* **Brief**
Repeat the listing word for word. No pictures belong in the copy.

* **Data segment**

***

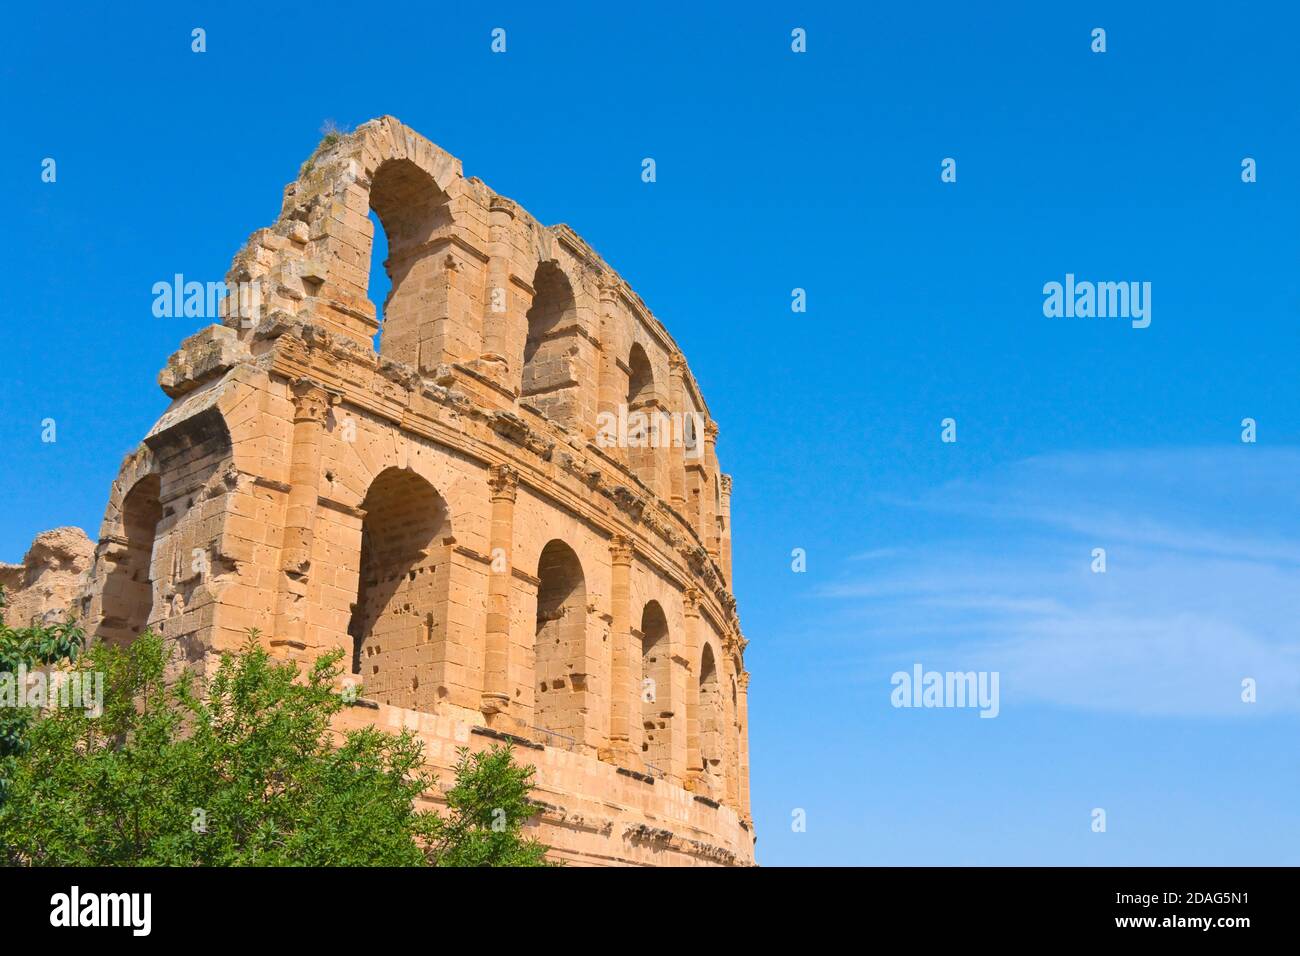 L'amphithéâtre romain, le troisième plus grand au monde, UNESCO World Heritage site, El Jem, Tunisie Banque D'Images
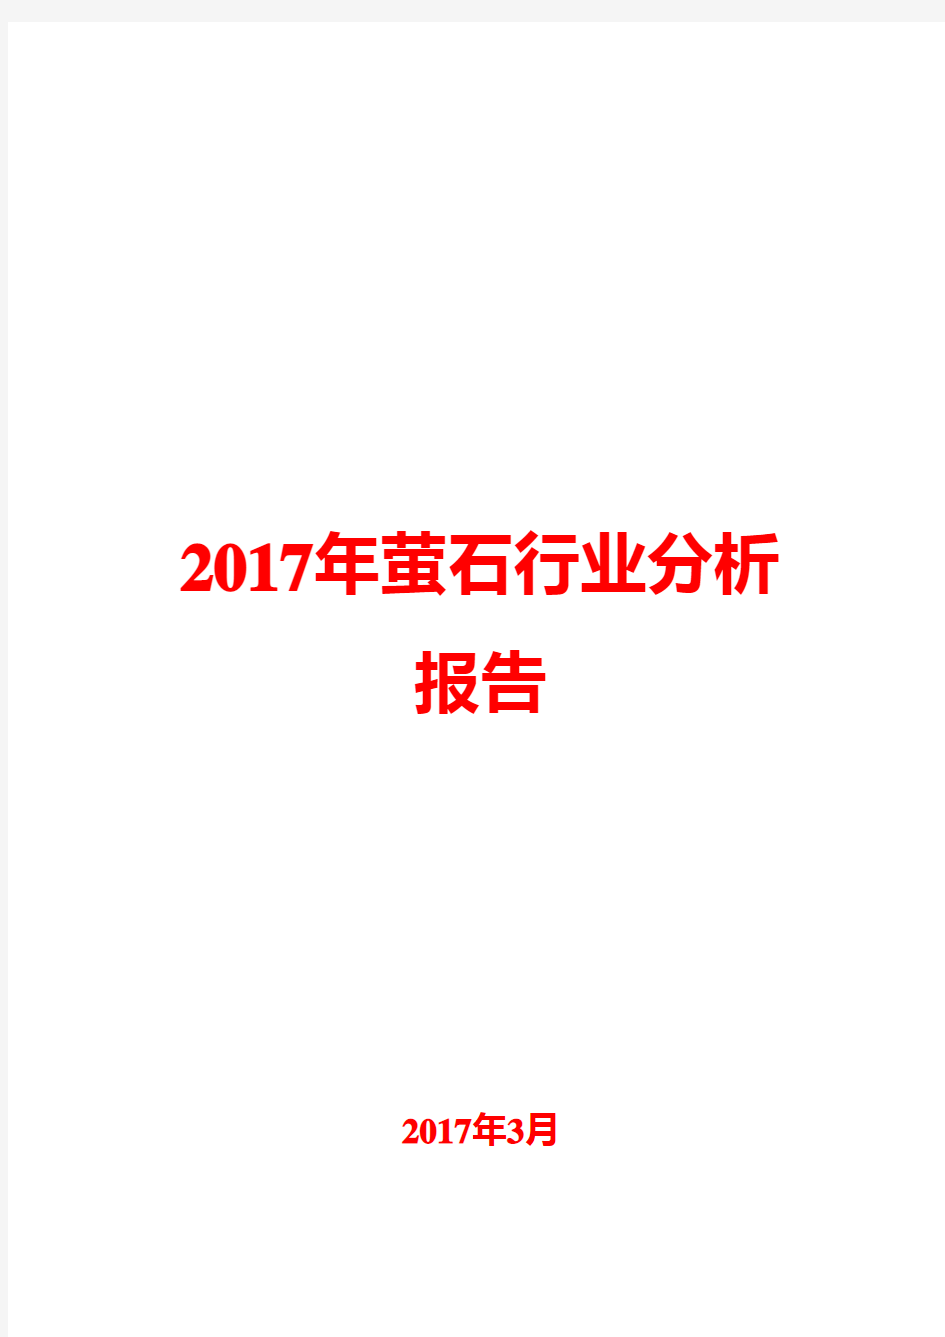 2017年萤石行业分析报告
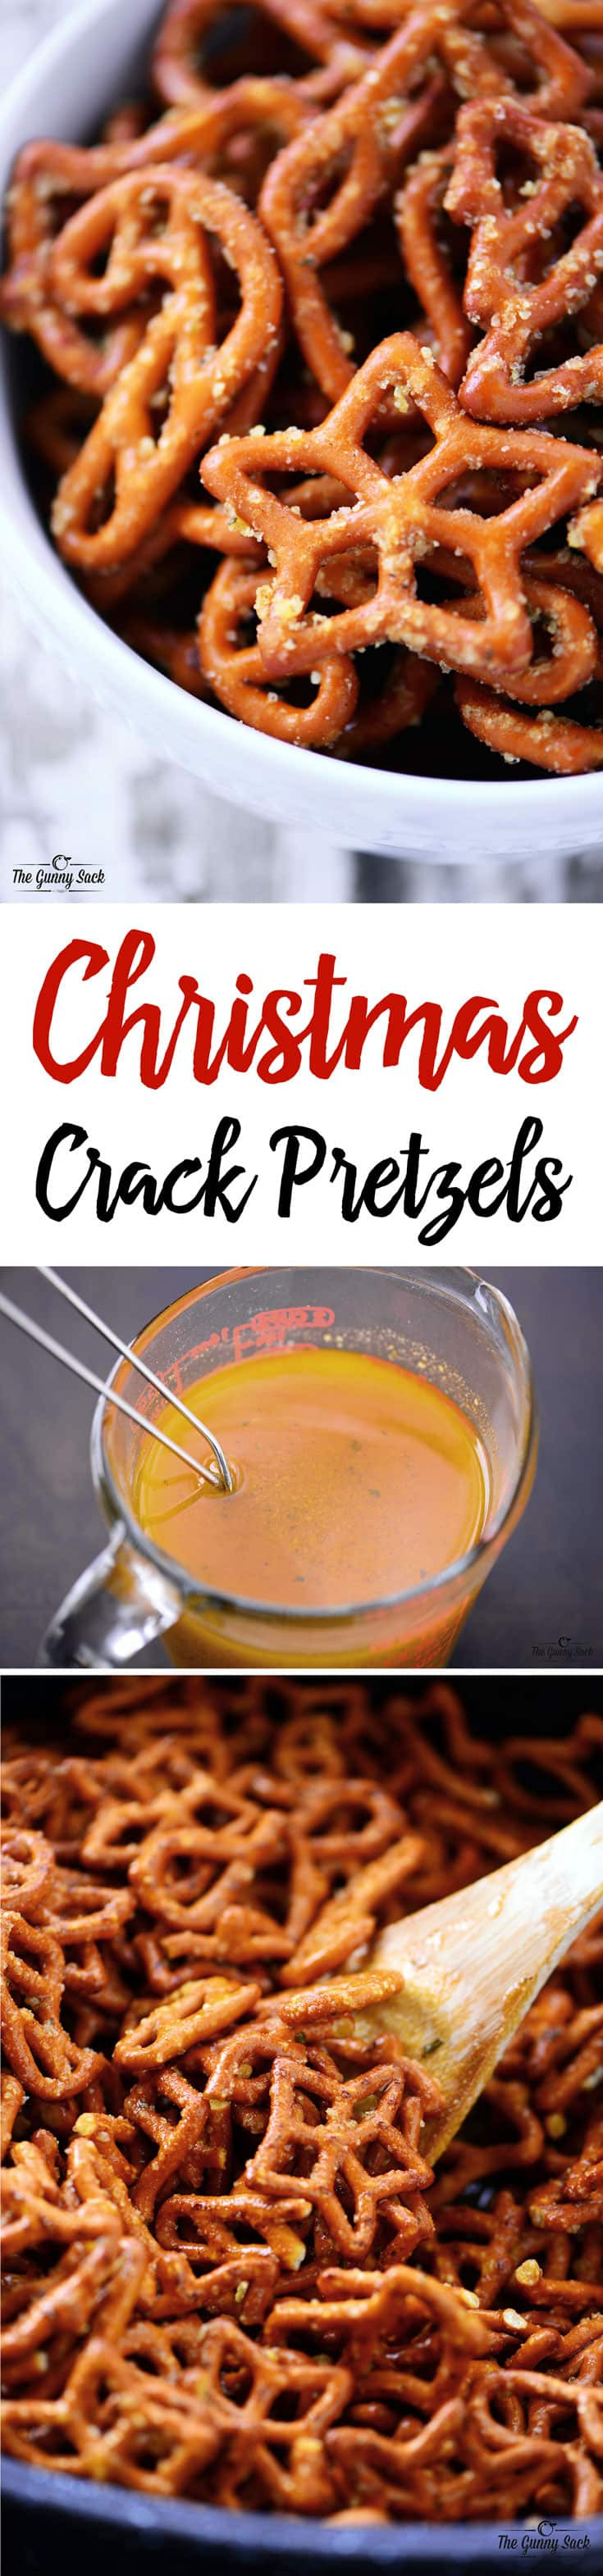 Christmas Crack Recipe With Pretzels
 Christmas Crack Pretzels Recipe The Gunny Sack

***

* **Finished exercise**
 L'amphithéâtre romain, le troisième plus grand au monde, UNESCO World Heritage site, El Jem, Tunisie Banque D'Images
 2017年萤石行业分析报告
 Christmas Crack Recipe With Pretzels
 Christmas Crack Pretzels Recipe The Gunny Sack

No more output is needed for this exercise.